## INFORMATION PROVIDED
━━━━
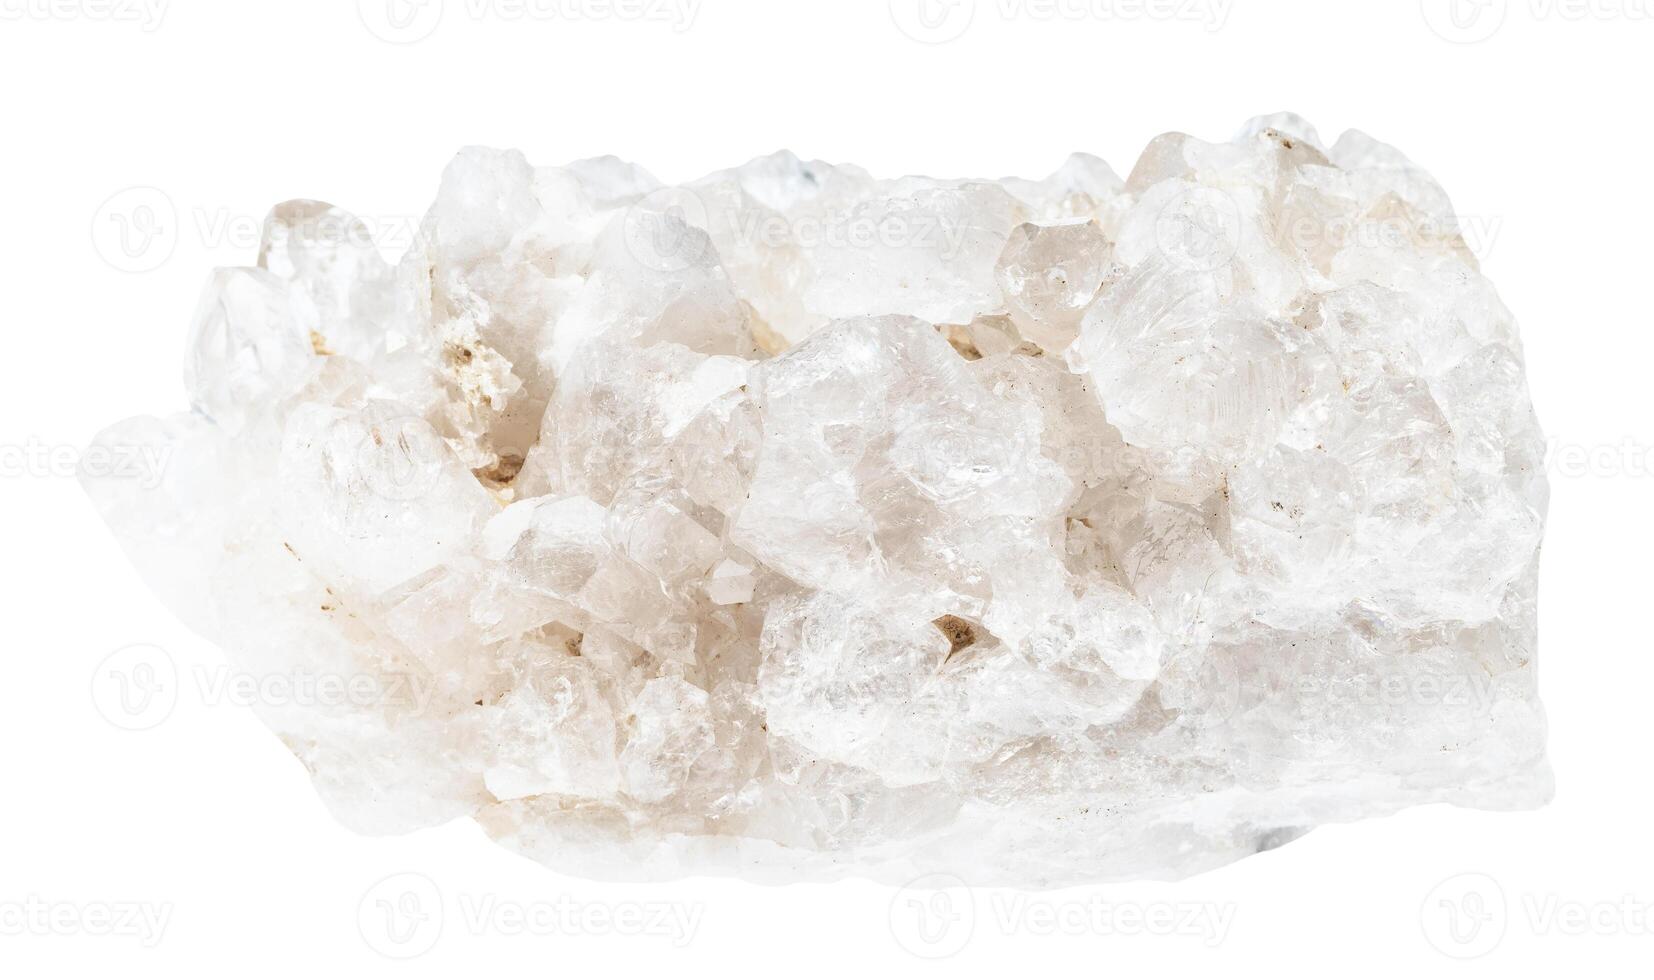 druze de clair quartz minéral isoler photo
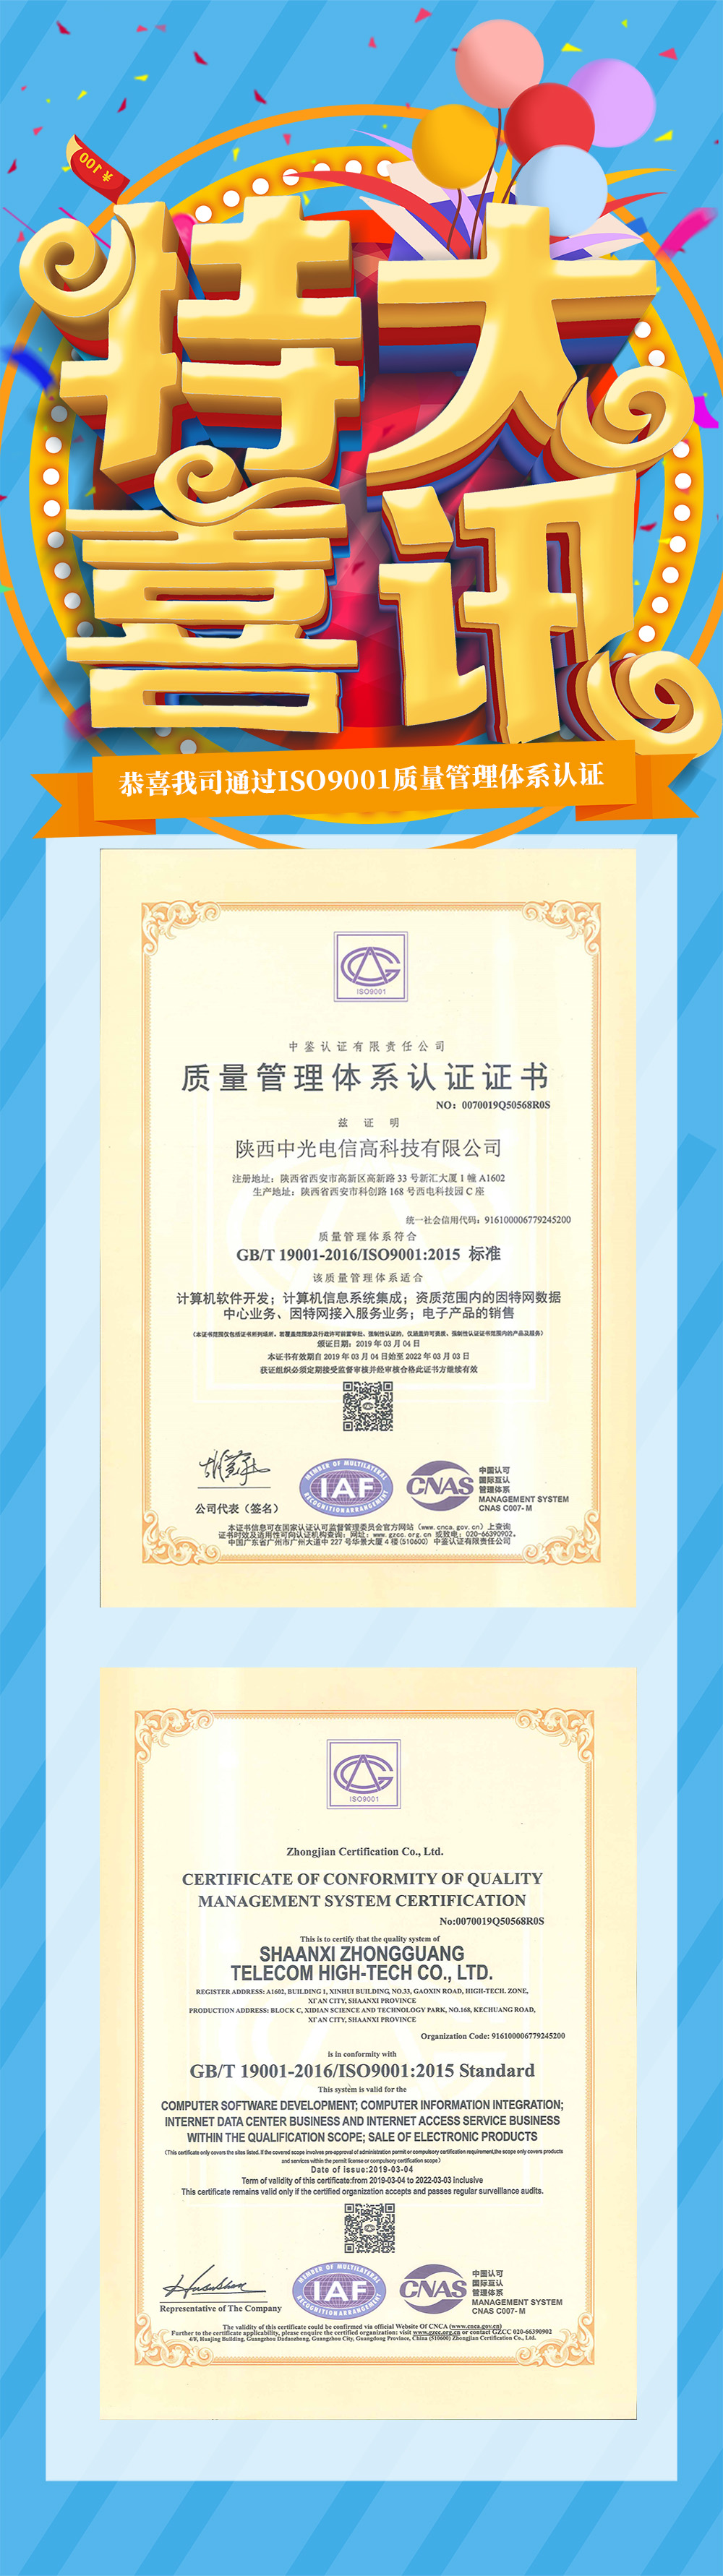 喜讯-恭喜我司通过ISO9001质量管理体系认证
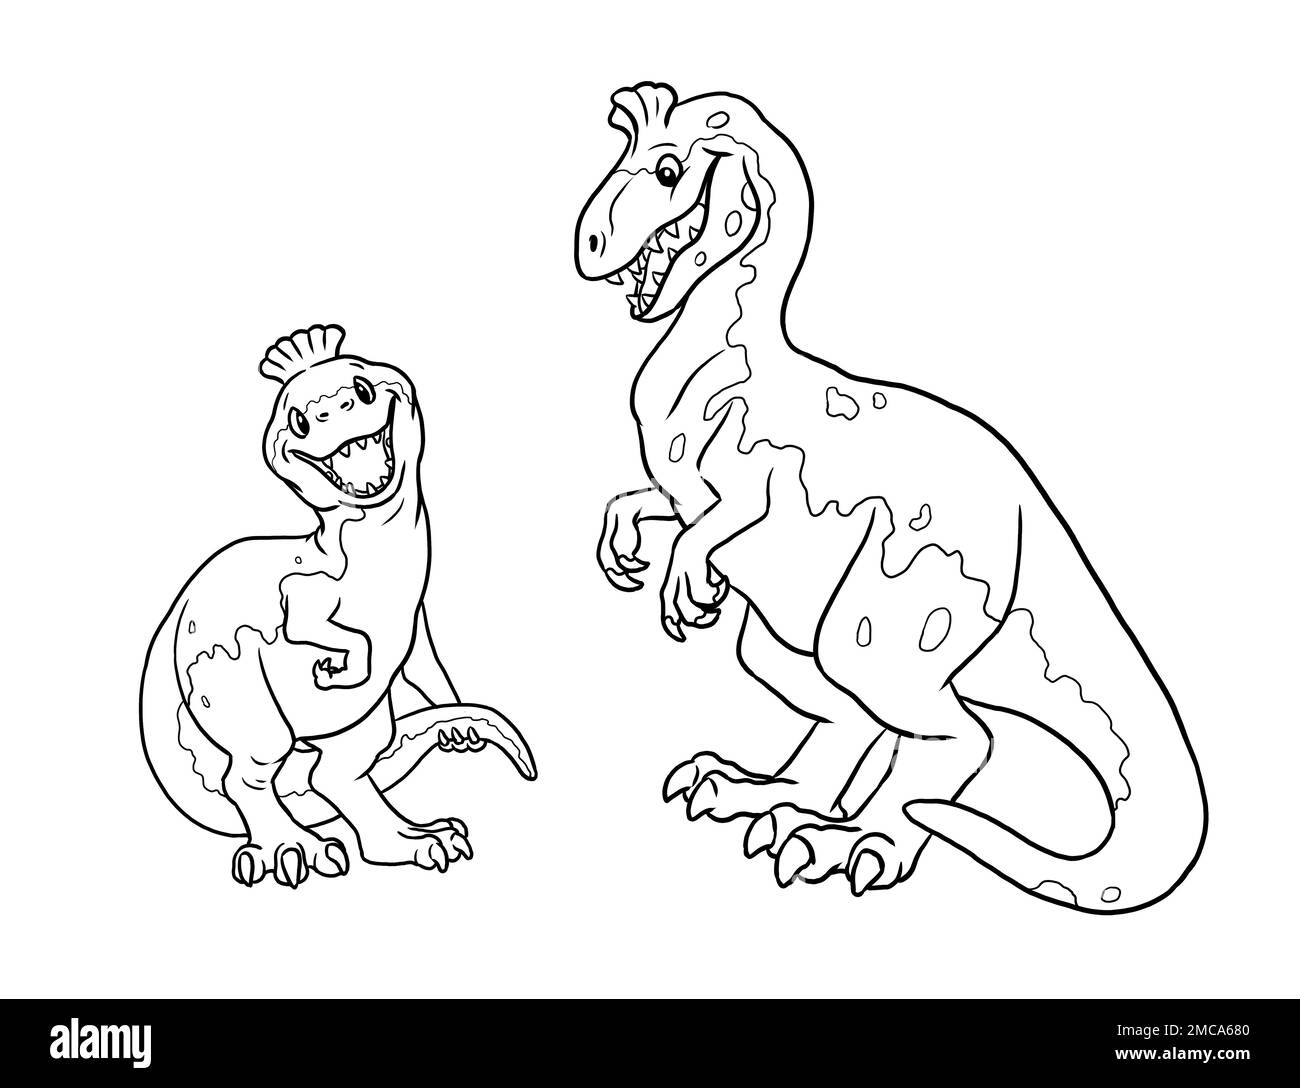 Un joli dinosaure cryolosaurus pour colorier. Modèle pour un livre de coloriage avec famille de dinosaures drôle. Modèle de coloriage pour enfants. Banque D'Images
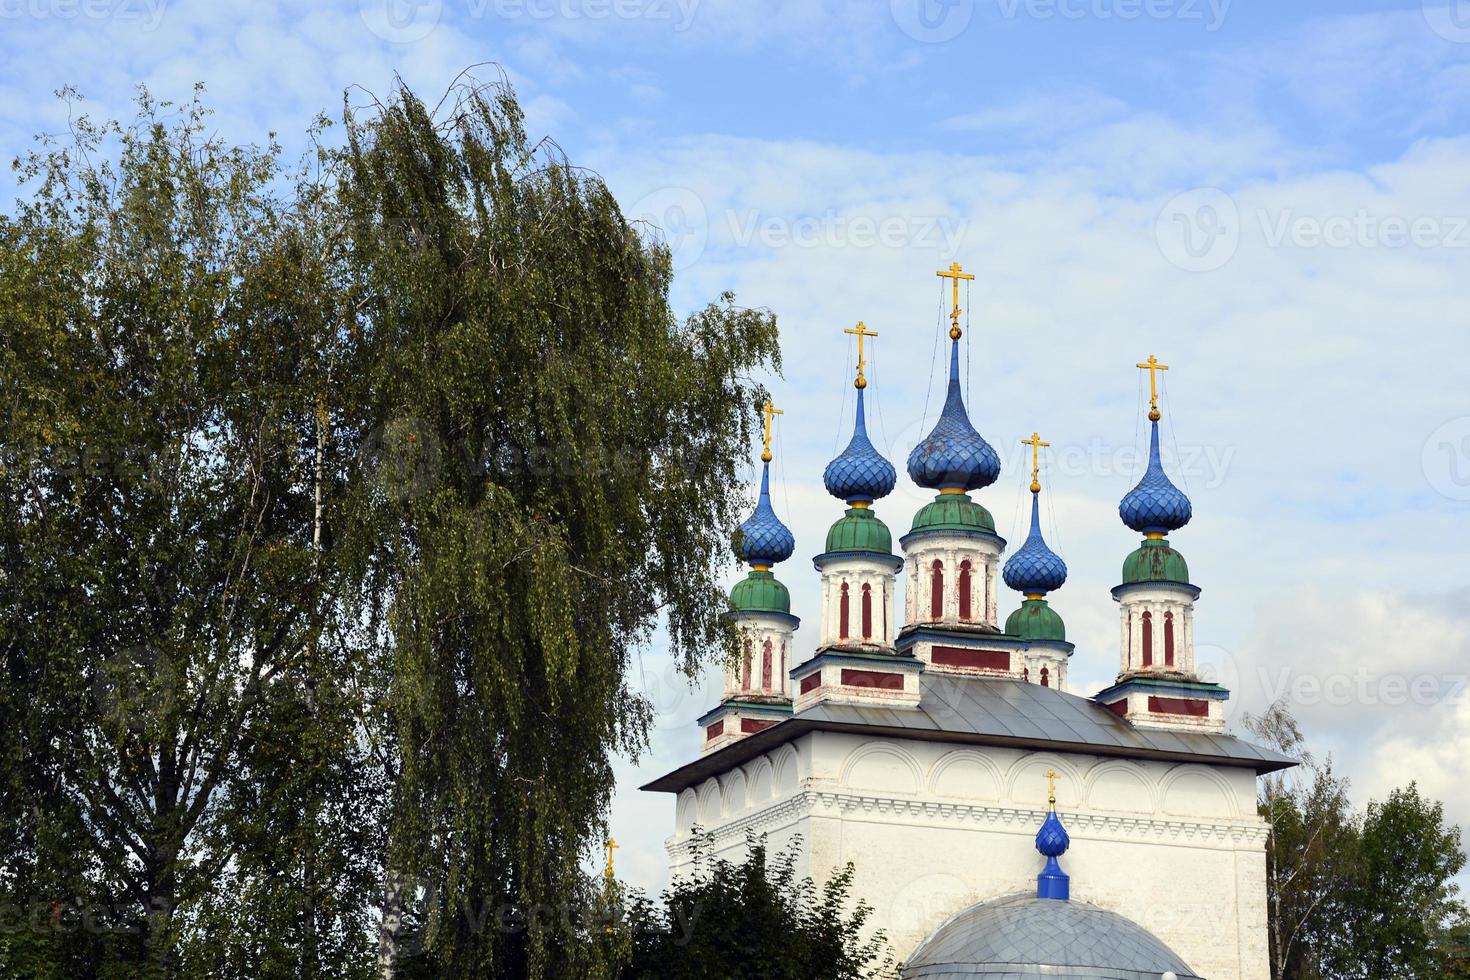 cúpulas de igreja com cruzes contra o céu azul. templo de pedra branca na aldeia russa. foto
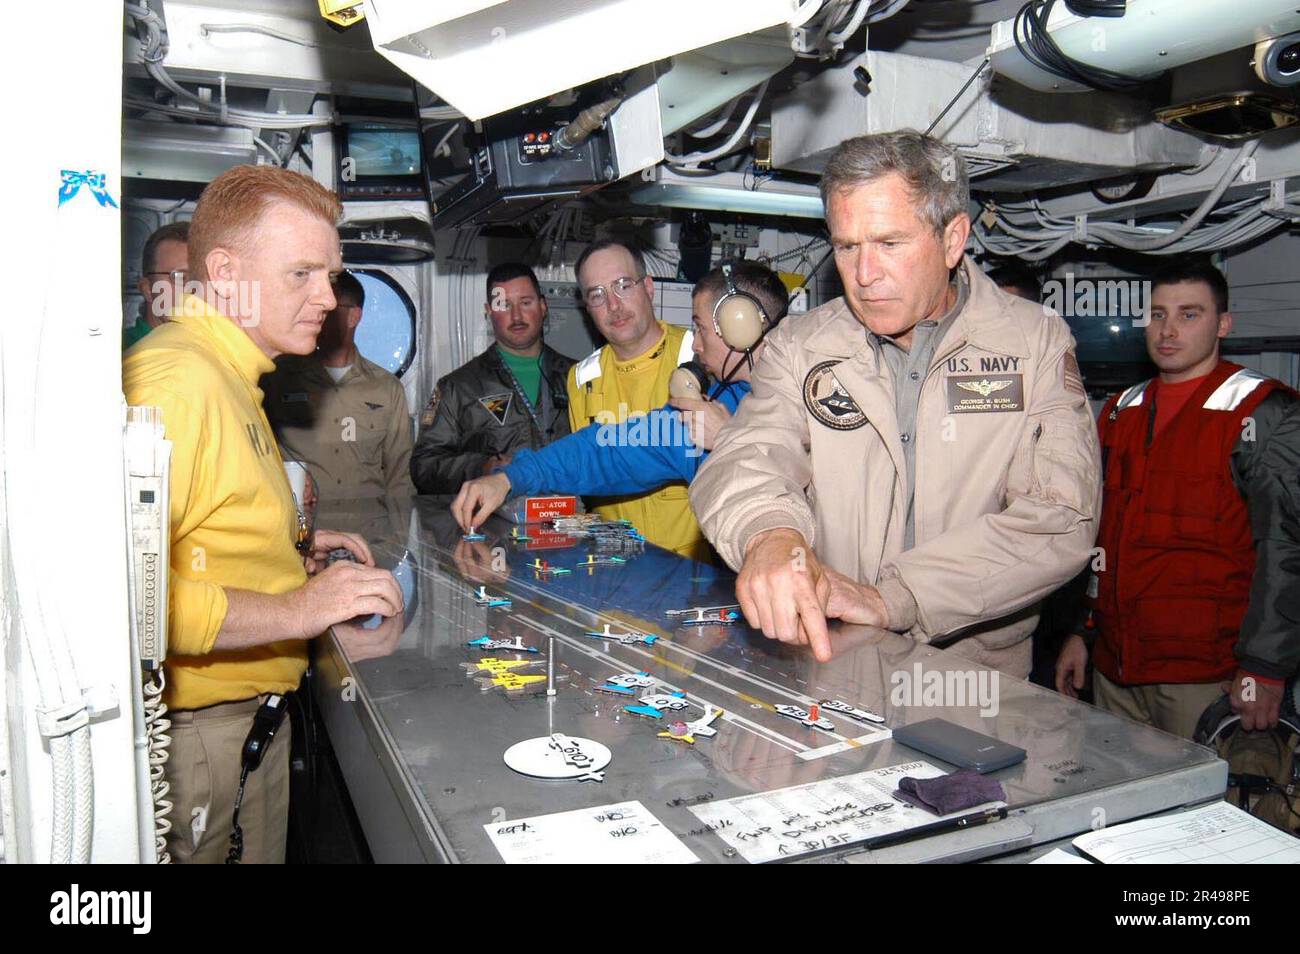 LE président DE la Marine AMÉRICAINE George W. Bush fait une tournée de contrôle du pont de vol lors de sa visite à l'USS Abraham Lincoln (CVN 72) Banque D'Images
━━━━
## ACTIVITY
Transcribe all entries above exactly. Omit the pictures.

## FINISHED TASK
 druze de clair quartz minéral isoler photo
 喜讯-恭喜我司通过ISO9001质量管理体系认证
 Un joli dinosaure cryolosaurus pour colorier. Modèle pour un livre de coloriage avec famille de dinosaures drôle. Modèle de coloriage pour enfants. Banque D'Images
 cúpulas de igreja com cruzes contra o céu azul. templo de pedra branca na aldeia russa. foto
 LE président DE la Marine AMÉRICAINE George W. Bush fait une tournée de contrôle du pont de vol lors de sa visite à l'USS Abraham Lincoln (CVN 72) Banque D'Images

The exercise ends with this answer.